Research

Integrating Domain Knowledge into Statistical Inference

Funding sources: NSF CAREER ACI-1350374 (PI: Linwei Wang)
Student members: Sandesh Ghimire, Jwala Dhamala, Jingjia Xu (alumni)

Scientific research across many domains has been increasingly enabled by paralleled advances in two broad disciplines: physics-based mathematical modeling that supports quantitative, multi-scale, and multi-physics simulation of the behavior and mechanism of complex systems, and modern sensor technologies that continuously improve the quantity and quality of measurement data available for analysis. However, the current state of computer modeling is generally decoupled from specific measurements of an individual system, and individualized data analysis often struggles for realistic domain contexts. This gap is ubiquitous in many science and engineering domains.

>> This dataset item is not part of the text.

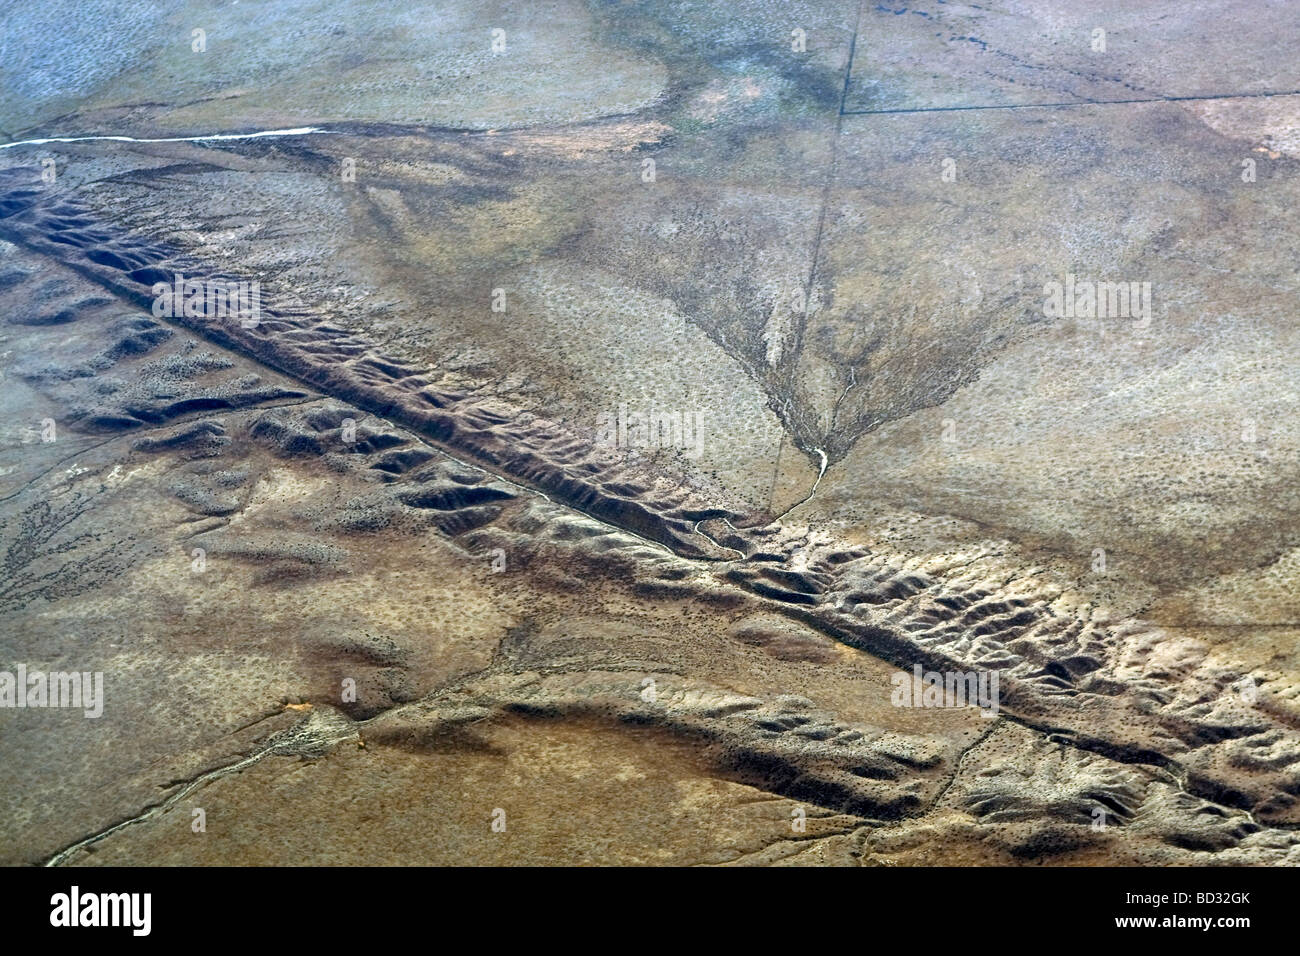 Aerial view of the San Andreas Fault in the Carrizo Plain California. Stock Photo

Supported through an NSF CAREER grant, we develop theoretical and mathematical foundations that support the integration of physics-based modeling and data-driven inference methods to improve individualized assessment of systems. Our interests in particular focus on data-driven identification and adaptation of the errors in the physics-based models in the statistical inference process. For more information, please visit here.

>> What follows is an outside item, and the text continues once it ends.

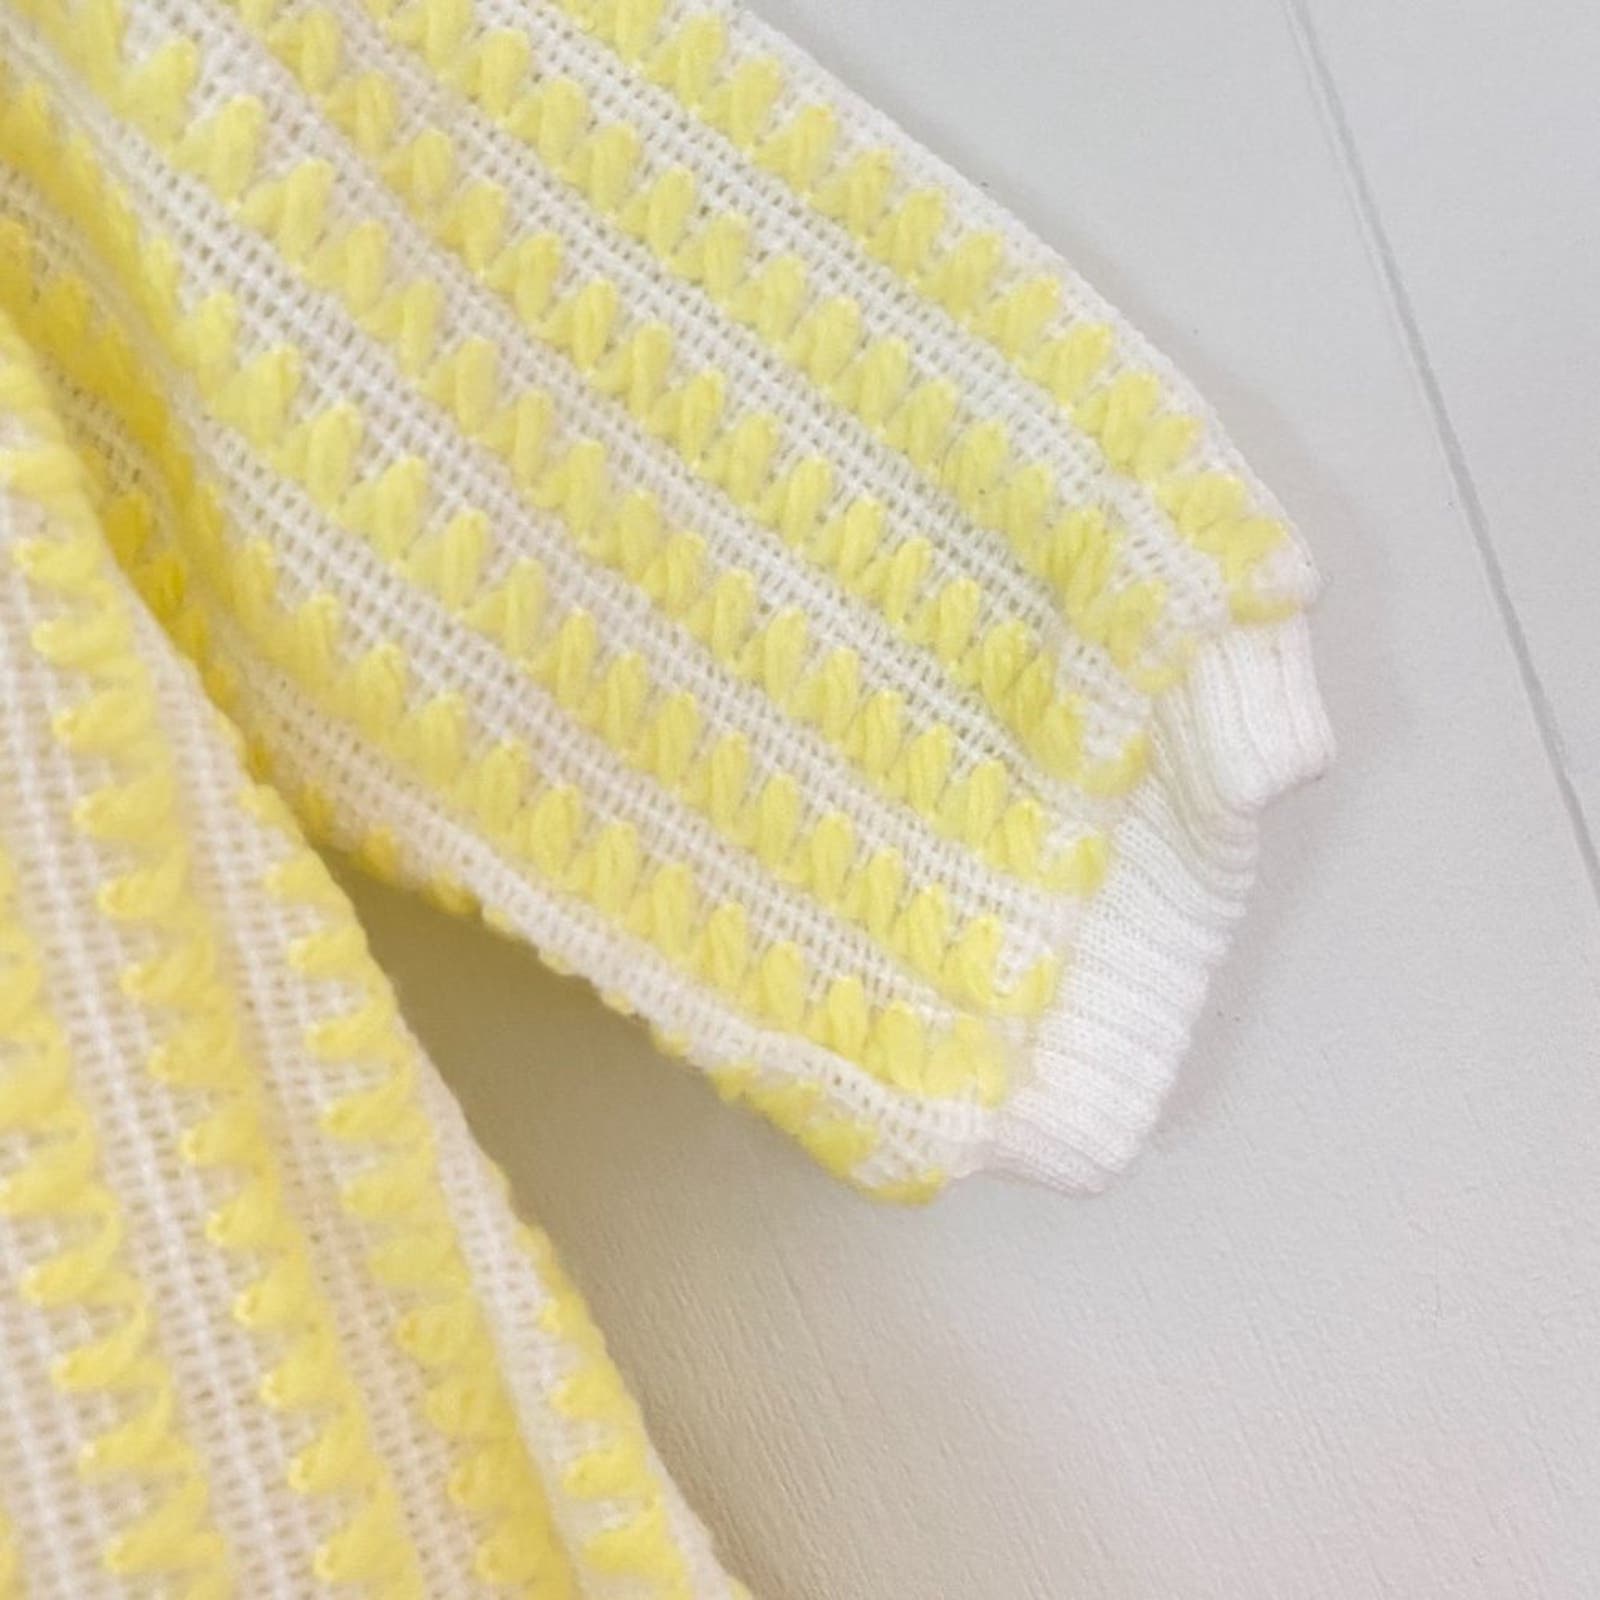 Vintage Novelty Knit Yellow Sweater Set 18 Months

Electrocardiographic Imaging (ECGi)

Funding sources: NIH/NHLBI R01HL145590 (PI: Linwei Wang), NIH/NHLBI R21HL125998 (PI: Linwei Wang)
Student members: Sandesh Ghimire, Omar A. Gharbia, Roland Sanford, Jingjia Xu (alumni), Azar Rahimi (alumni)

Cardiac arrhythmia accounts for increasing risk for strokes, heart failure, and mortality. Currently, detailed electrical maps of the heart are obtained through point-by-point contact mapping on the heart surface. These invasive procedures are associated with numerous limitations including limited access to the heart and sampling density, inability to map unstable arrhythmia patterns, and increased patient risk. Electrocardiographic imaging (ECGi) is a noninvasive technique for computationally reconstructing the electrical activity of the heart from a combination of high-density body-surface ECG and image-derived thorax geometrical models. It provides a promising noninvasive complement to invasive mapping to potential improve the screening, diagnosis, and treatment of a variety of cardiac arrhythmias and heart diseases.

We focus on both the technical development and clinical applications of ECGi. This includes developing transmural ECGi solutions, making ECGi less expensive, and clinical ECGi applications in scar-related ventricular tachycardia and atrial fibrillation. This research is supported by funding from the NIH. For more information, please visit here.

Learning Disentangled Representations

Funding sources: NIH/NHLBI R15HL140500 (PI: Linwei Wang)
Student members: Mohammed Alawad, Prashnna K. Gyawali, Zhiyuan Li

Confounding factors are inherent in most data analyses, especially those of clinical data. For example, the 12-lead ECG data are generated by a large variety of physiological factors: some pertinent to the diagnosis and treatment of arrhythmia such as rhythm types and the location at which the rhythm originates, while others representing inter-subject variations due to thorax anatomy, heart anatomy and structural remodeling, surface lead positioning, signal artifacts, etc.

Properly disentangling these generative factors from ECG data is critical for automating ECG-based clinical tasks.

We are interested in the development of deep representation learning methods that are able to separate these inter-subject variations from clinical data, and are able to transfer variations learnt from one (larger) dataset (such as a simulation dataset), to another (smaller) dataset (such as a clinical dataset). We are also interested in clinical applications -- in an NIH funded project, we work with clinicians to develop a deep-learning based software tool that is able to guide clinicians progressively closer towards the surgical target in real time during the procedure. For more details, please visit here.

End-to-end Uncertainty Quantification

Student members: Jwala Dhamala, Ankit Aich

Mathematical models of a living system are always subject to epistemic uncertainties that represent our limited knowledge about a system. While personalized models have shown increasing potential in medicine, their uncertainties remain the main roadblock to their widespread adoption in the healthcare industry. Existing efforts in uncertainty quantification (UQ) mostly investigated how generic variability in a model element – represented by probabilistic distributions defined a priori – results in output variability. However, a personalized model first has to be customized from patient-specific data, before being able to make predictions pertinent to that individual. Therefore, the uncertainty in a personalized model is not generic, but driven by data used to customize the model. This poses a unique challenge: to measure the variability in patient-specific predictions, we must first infer the uncertainty within the data-driven model elements, before propagating this uncertainty to model predictions. This unmet need – which we term as end-to-end UQ – is the focus of our research.

In specific, we are interested in adopting and advancing Bayesian active learning for surrogate modeling that is focused on the posterior support of the model uncertainty, formulating hybrid MCMC methods accelerated by the surrogate model, and unified end-to-end propagation of the uncertainty from the input data through the model to the model predictions. For more details, please visit here.